Militer Myanmar Brutal, 18 Demonstran Tolak Kudeta Tewas Ditembak
- ANTARA FOTO/REUTERS/Stringer/wsj
VIVA – Polisi Myanmar menembaki demonstran di seluruh negeri pada Minggu 28 Februari 2021 lalu. Hari itu menjadi protes paling berdarah dalam demonstrasi menentang kudeta militer di Myanmar.
Dikutip dari Channel News Asia, pada Senin 1 Maret 2021, kantor harga asasi manusia dari Perserikatan Bangsa-bangsa (PBB) mengabarkan bahwa dalam protes berdarah tersebut terdapat 18 demonstran tewas.
Bahkan, menurut petugas penyelamat yang menyatakan kepada AFP bahwa tiga orang pria telah ditembak mati di Kota Dawei Selatan, sementara dua orang remaja lainnya diketahui tewas di Kota Bago.
Myanmar berada dalam kekacauan sejak tentara merebut kekuasaan dan menahan pemimpin pemerintah terpilih Aung San Suu Kyi dan sebagian besar pemimpin partainya pada 1 Februari 2021. Militer, menuduh adanya kecurangan dalam pemilihan umum November yang dimenangkan partai Aung San Suu Kyi secara telak.
Kudeta, yang menghentikan langkah maju menuju demokrasi setelah hampir 50 tahun dikuasai pemerintahan militer itu, telah menarik ratusan ribu orang turun ke jalan dan kecaman dari sejumlah negara di dunia.
"Myanmar seperti medan perang," kata kardinal Katolik pertama negara mayoritas Buddha itu, Charles Maung Bo, di Twitter.
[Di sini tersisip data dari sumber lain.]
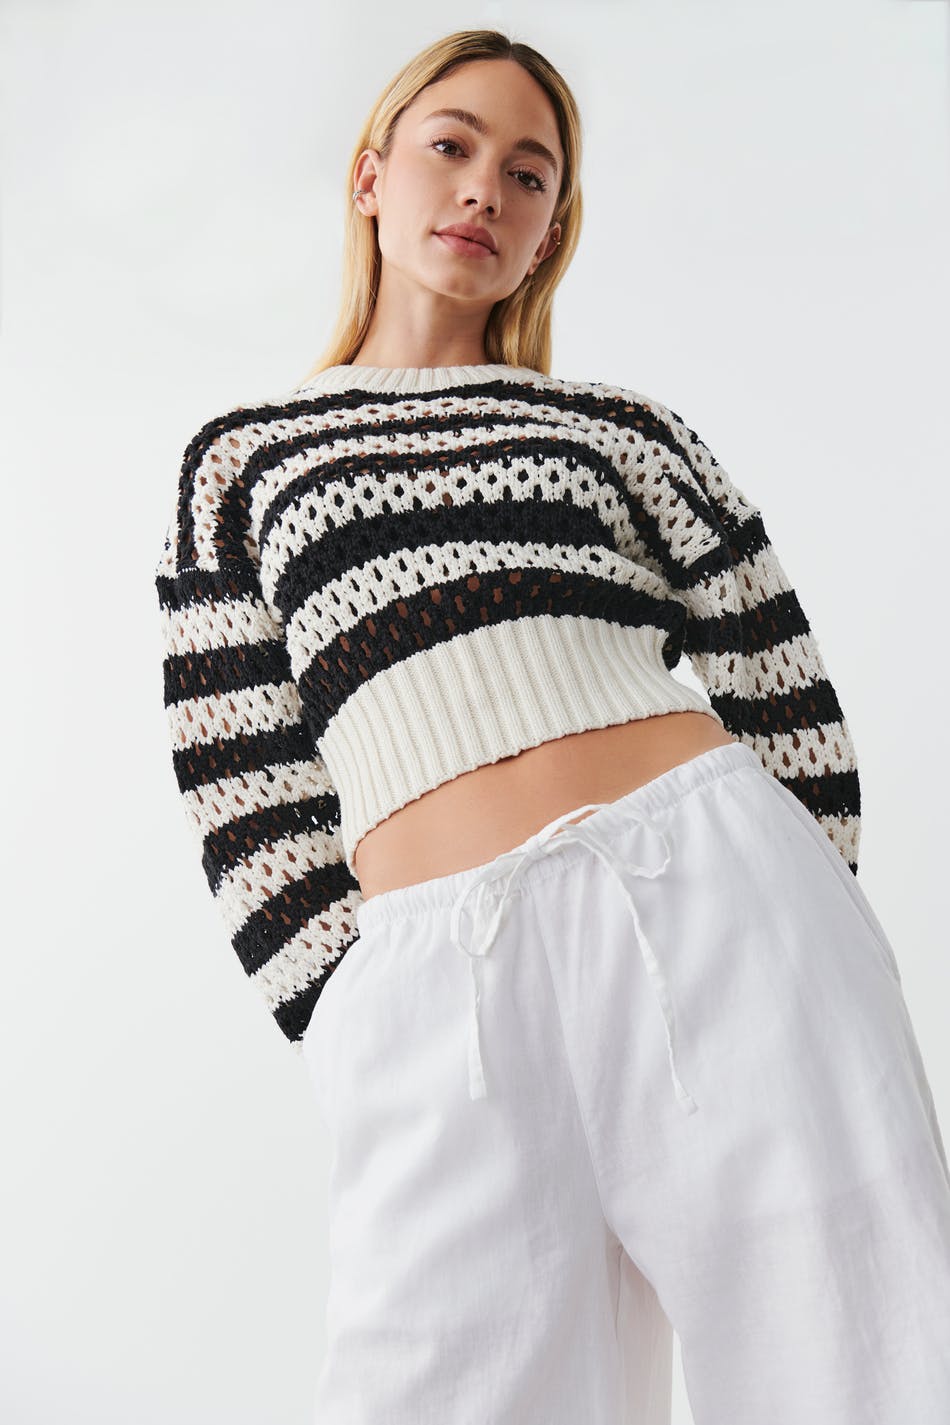 ginatricot.com | Knitted sweater

Seperti diketahui, Polisi terlihat lebih represif terhadap demonstran dan melepaskan tembakan di berbagai bagian kota di Yangon, setelah sebelumnya melempar granat kejut, gas air mata, dan tembakan ke udara. Tentara juga memperkuat polisi.
Sementara, beberapa orang yang terluka diangkut sesama pengunjuk rasa, meninggalkan noda darah di trotoar. Bahkan, seorang pria meninggal setelah dibawa ke rumah sakit dengan peluru di dadanya.
"Kematian dilaporkan terjadi akibat peluru tajam yang ditembakkan ke kerumunan di Yangon, Dawei, Mandalay, Myeik, Bago dan Pokokku. Gas air mata juga dilaporkan digunakan di berbagai lokasi serta granat flash-bang dan setrum," bunyi laporan PBB.
Sementara itu, atas kejadian tersebut Polisi dan juru bicara dewan militer yang berkuasa tidak menanggapi panggilan telepon untuk dimintai komentar.